Most of those employed are lured in with promises of good jobs, only to face torture or even death if they try and escape. The UN estimates that more than 100,000 people are enslaved in Cambodia alone, part of a wider landscape in Southeast Asia responsible for an estimated $40bn stolen annually.
Those detained included more than 200 Vietnamese, 27 Chinese, and 75 suspects from Taiwan and 85 Cambodians in the capital Phnom Penh and the southern city of Sihanoukville. Police also seized equipment, including computers and hundreds of mobile phones.

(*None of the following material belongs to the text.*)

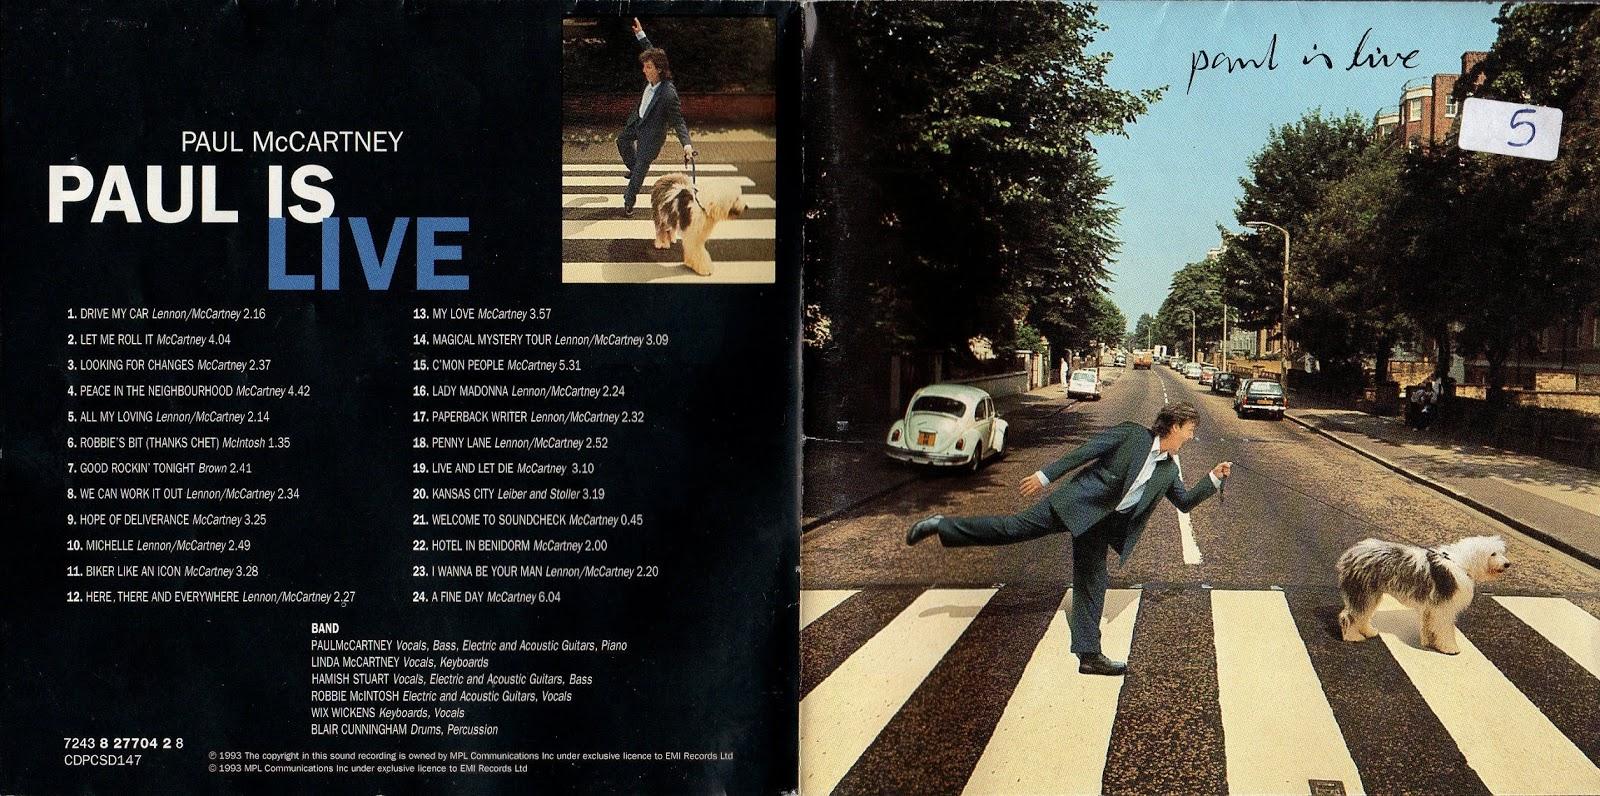 Portada y contraportada del álbum 'Paul Is Live' de Paul McCartney

At least 270 Indonesians, including 45 women, were arrested Wednesday in Poipet, a town on the border with Thailand notorious for cyber-scam and gambling operations, the minister said. Elsewhere, police in the northeastern province of Kratie arrested 312 people, including nationals of Thailand, Bangladesh, Indonesia, Myanmar and Vietnam, while 27 people from Vietnam, China and Myanmar were arrested in the western province of Pursat.
While the crackdown is the latest in a series of mass arrests, many critics have accused the government of doing too little to prevent their spread, alleging corruption and insider dealing. The US government in September imposed sanctions on tycoon Ly Yong Phat, a close associate of the prime minister and his family, over allegations of forced labour and cyber-scams.
Last month, Amnesty International released a report accusing the Cambodian government of “deliberately ignoring a litany of human rights abuses including slavery, human trafficking, child labour and torture being carried out by criminal gangs on a vast scale in more than 50 scamming compounds located across the country”.
The government has routinely denied such claims, saying they are doing what they can.
Cambodia’s latest crackdown comes in the middle of a bitter feud with neighboring Thailand, which began with a brief armed skirmish in late May over border territory claimed by both nations and has now led to border closures and nearly daily exchanges of nationalistic insults. Friendly former leaders of both countries have become estranged and there have been heated debates about which nation’s cultural heritage has influenced the other.
Measures initiated by the Thai side, including cutting off cross-border electricity supplies and closing crossing points, have particularly heightened tensions, with Cambodia claiming it was retaliation for its intention to pursue its territorial claims. Thailand said its original intention was to combat long-running cyber-scam operations in Poipet.